▶ WHAT YOU HAVE TO DO: Each line from the one holding "Beautiful inlaid table" through the end of the records should be returned exactly, while pictures are skipped.

▶ TASK MATERIAL:
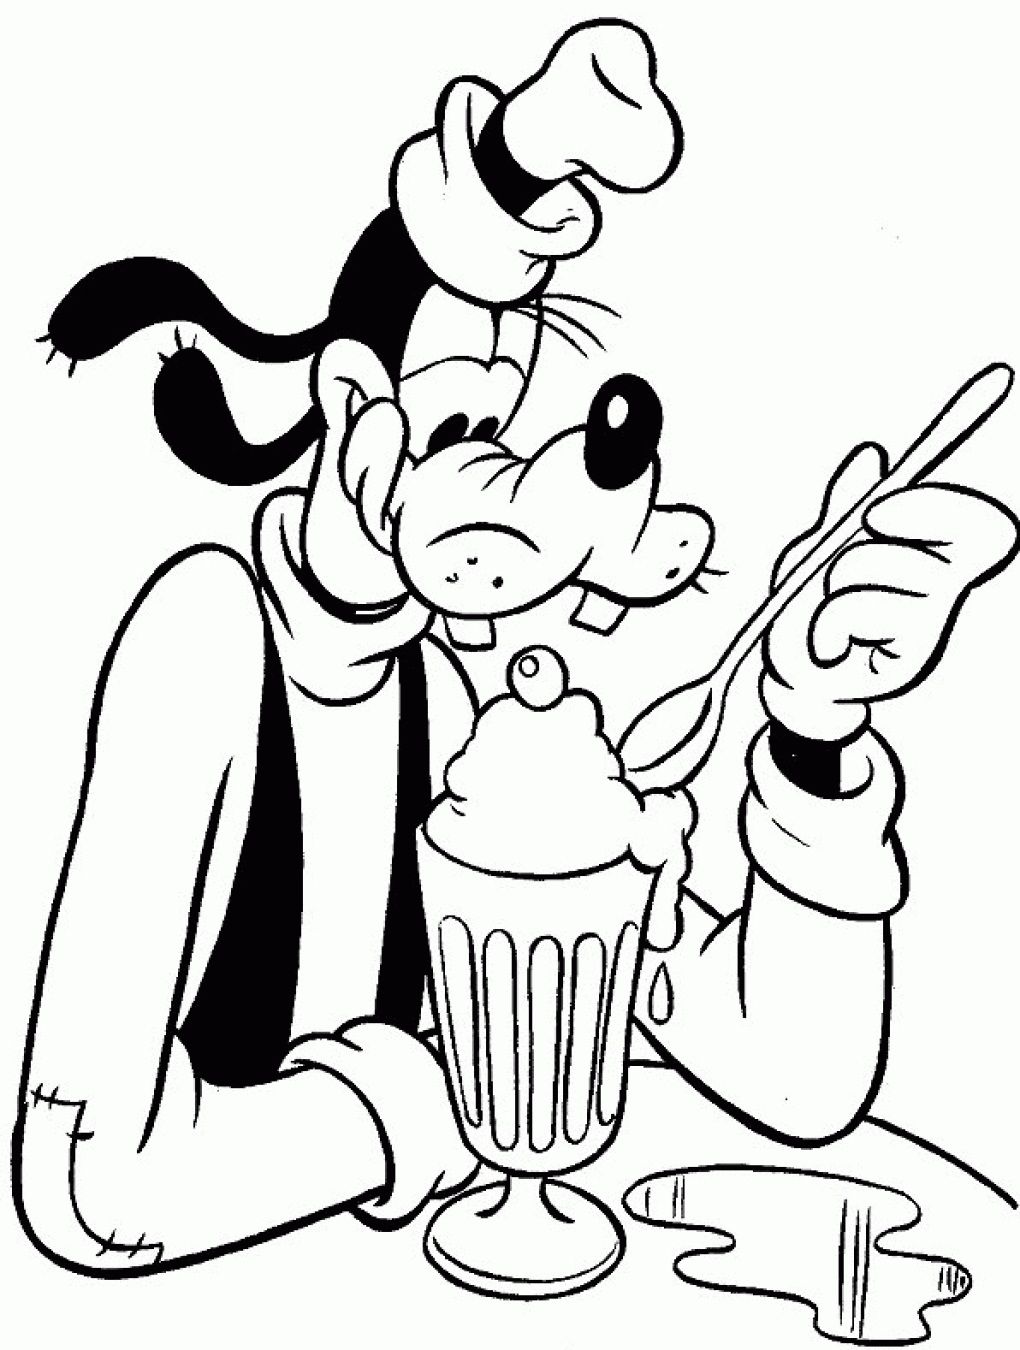 Goofy Coloring Pages and Book | Unique Coloring Pages
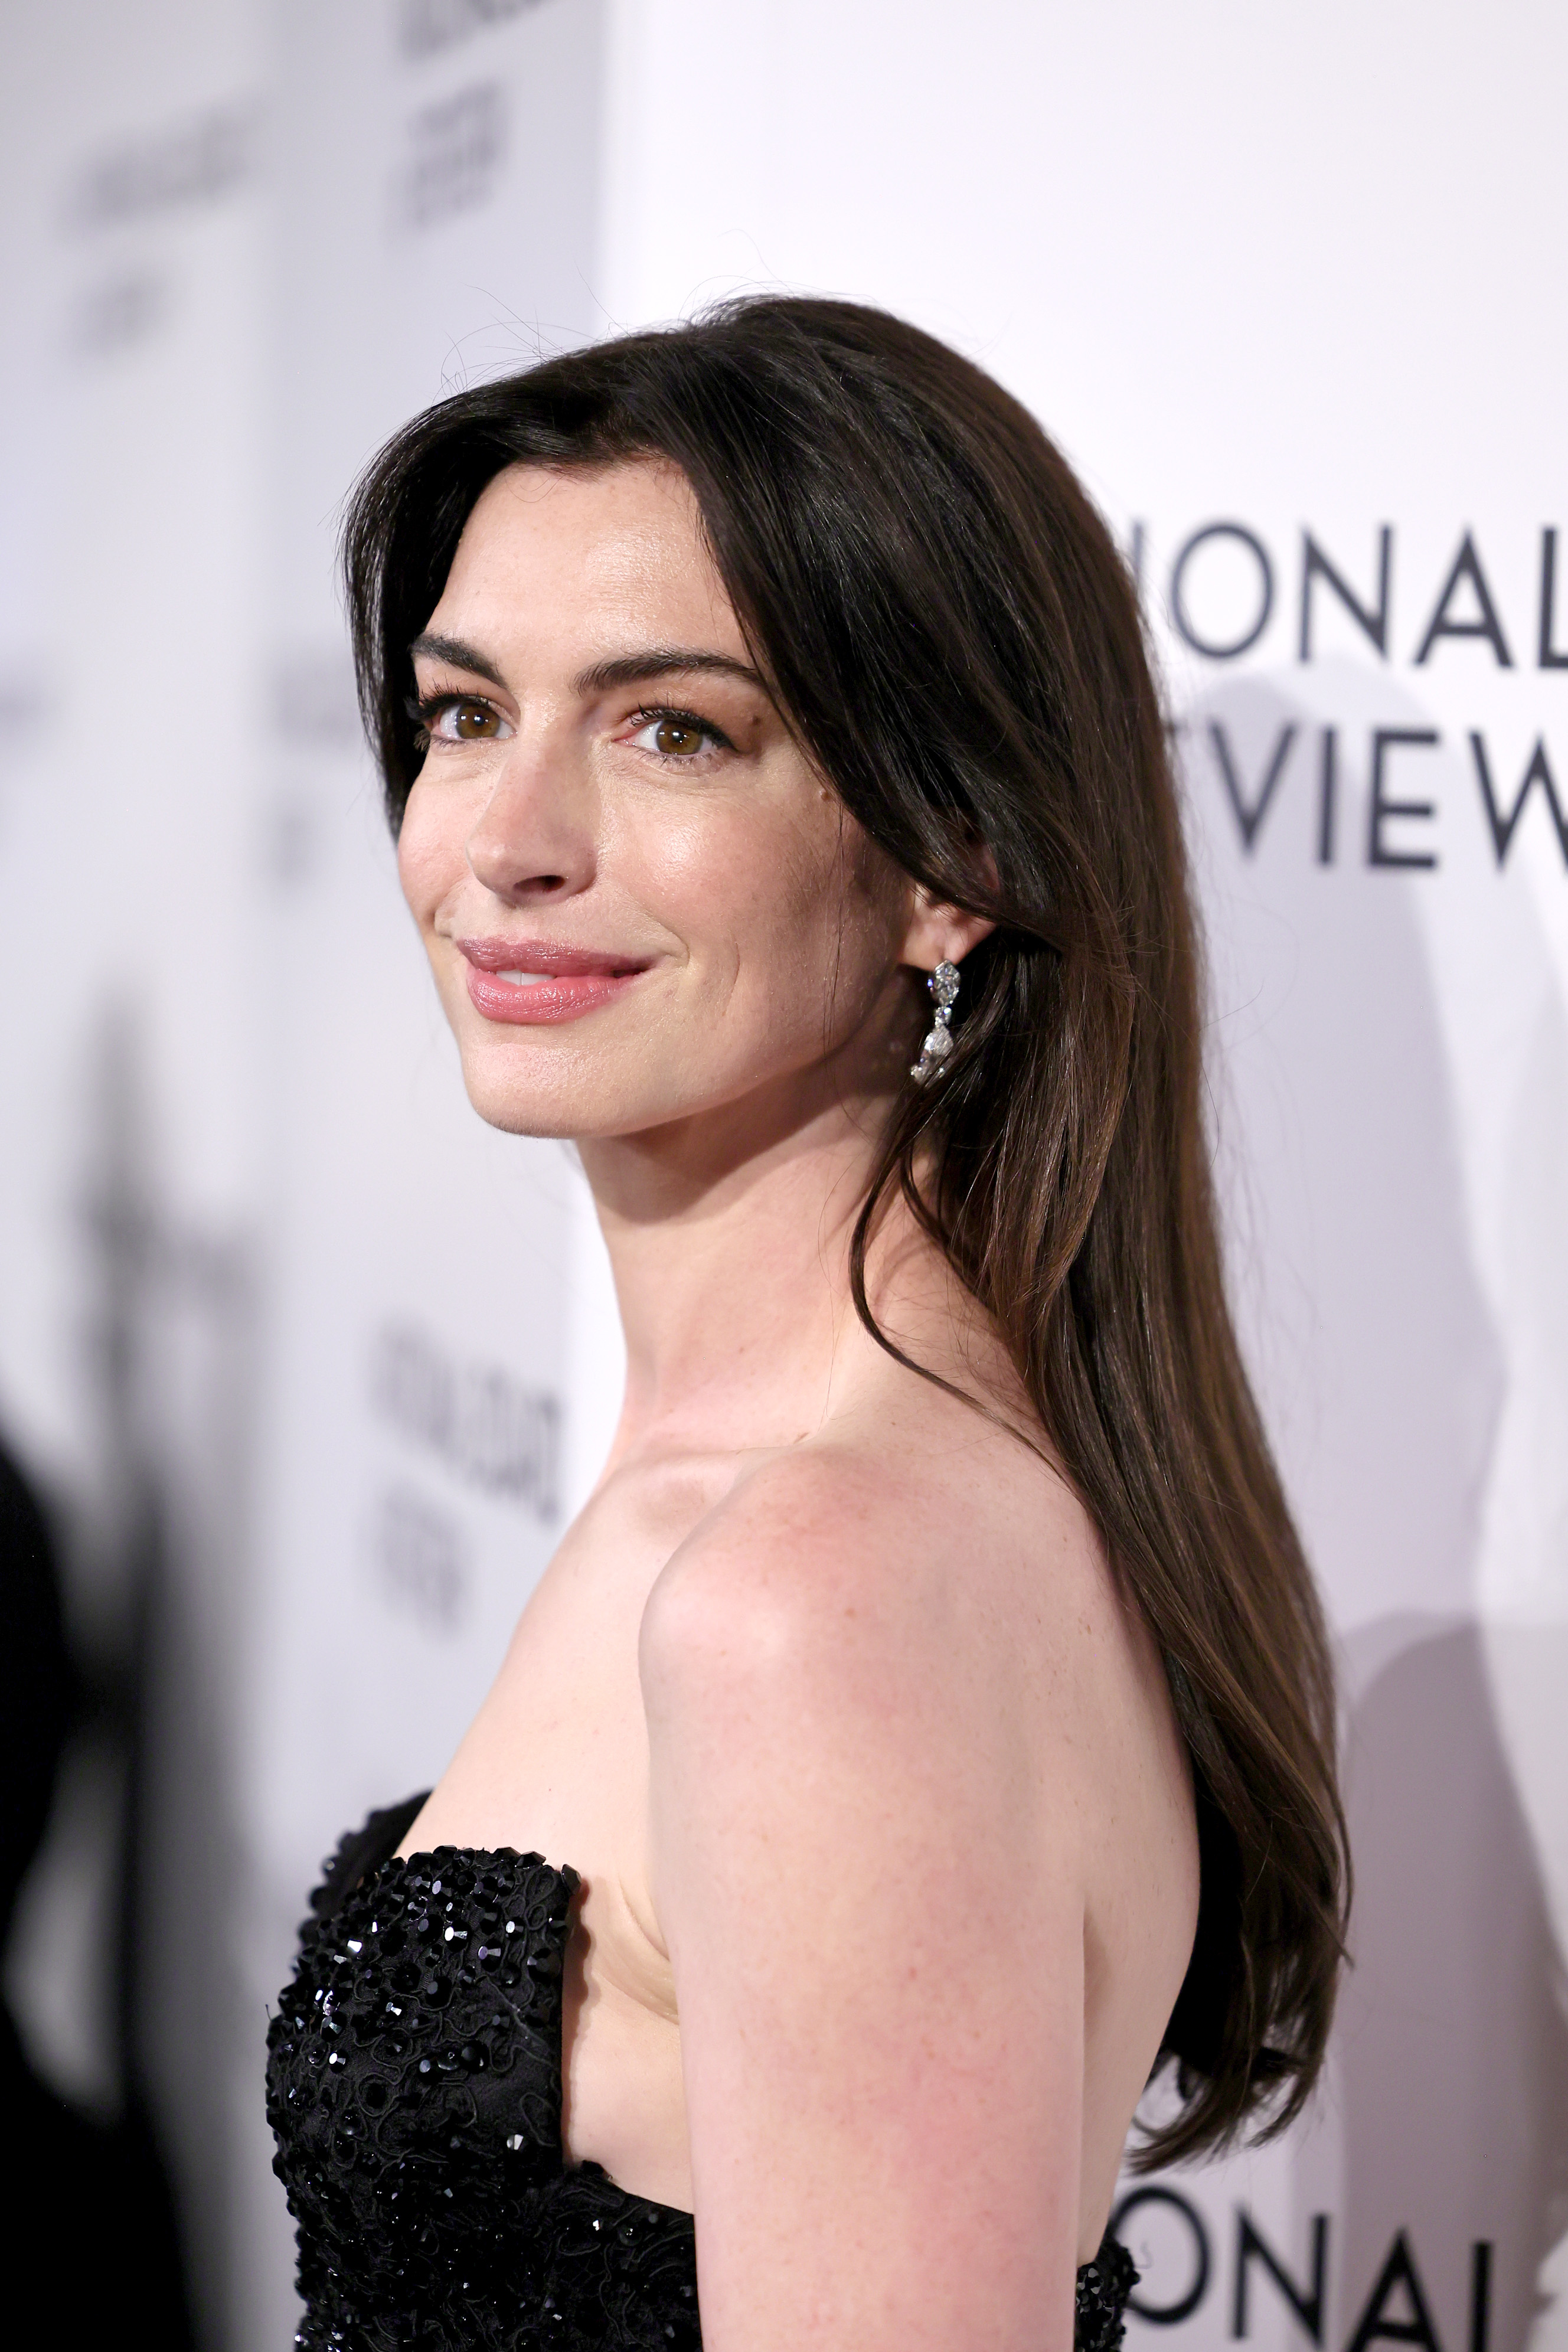 Anne Hathaway in a black sequined dress with one shoulder design, posing with a smile at an event
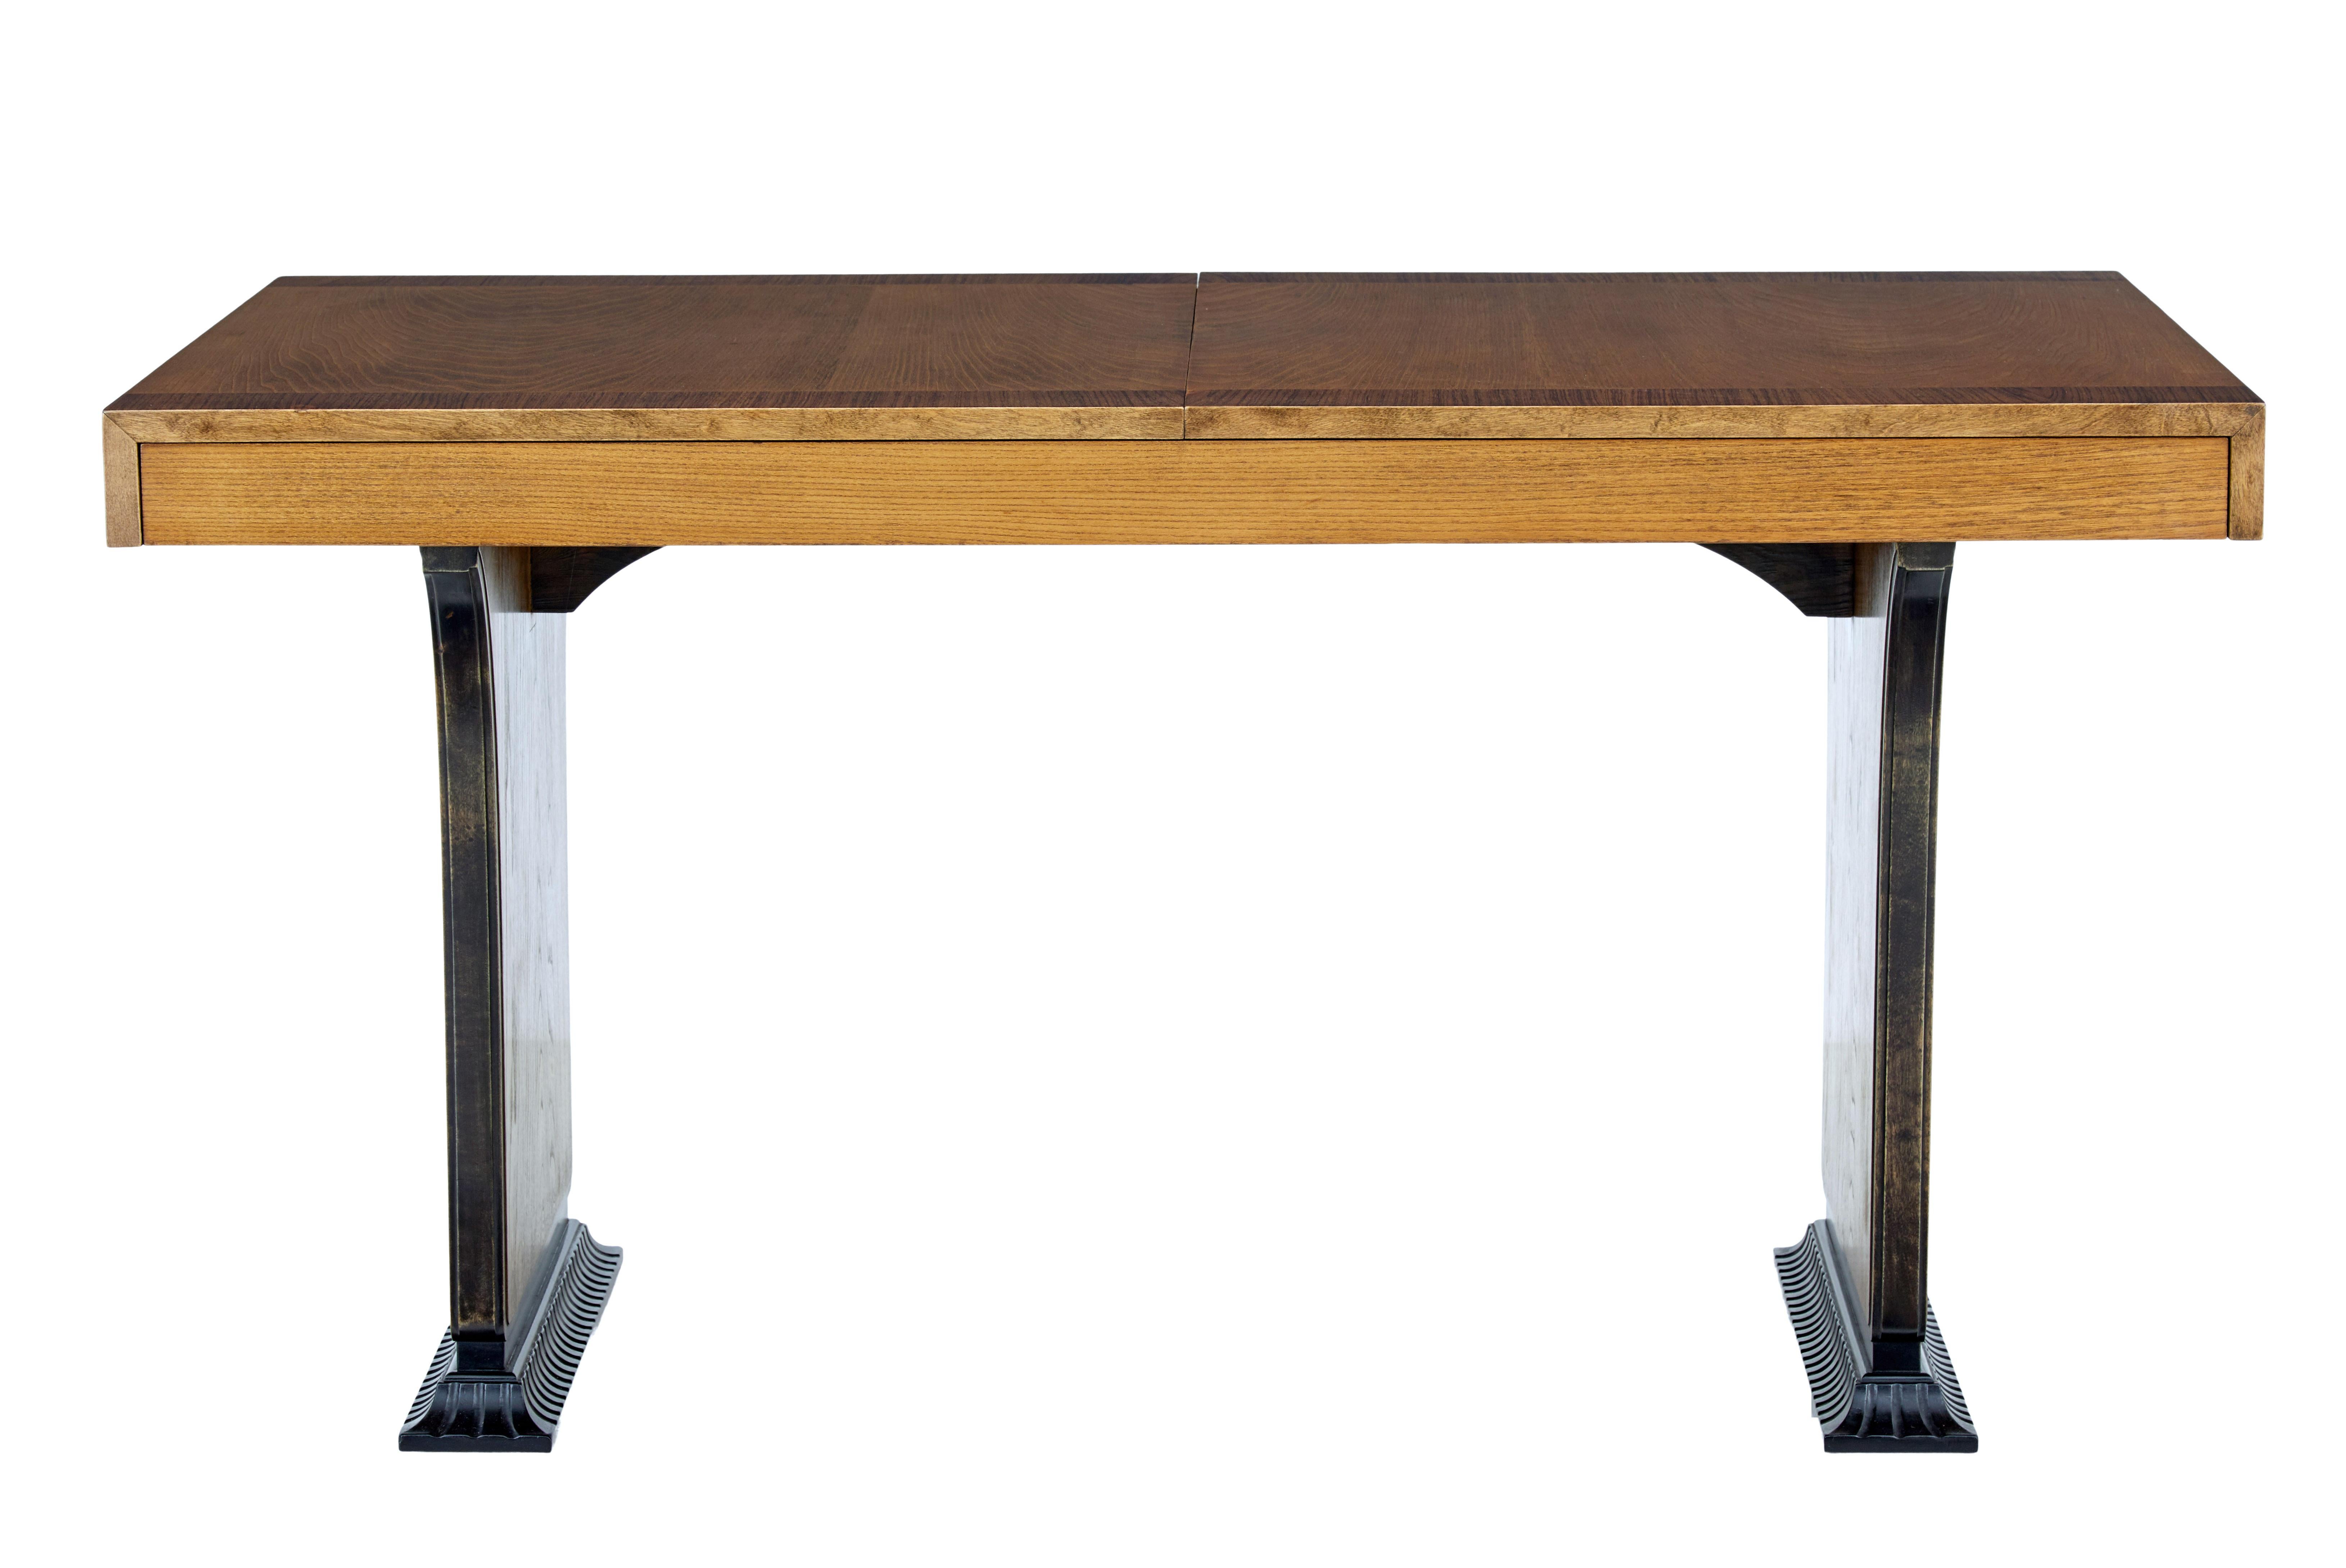 Beautiful inlaid table by Swedish designer Erik Chambert circa 1930.

Formerly an extending dining table, without the leaves this table is perfect for a desk.

Rectangular elm top with rosewood crossbanded edge. Standing on a pair of shaped

▶ FINISHED EXERCISE:
 Beautiful inlaid table by Swedish designer Erik Chambert circa 1930.

Formerly an extending dining table, without the leaves this table is perfect for a desk.

Rectangular elm top with rosewood crossbanded edge. Standing on a pair of shaped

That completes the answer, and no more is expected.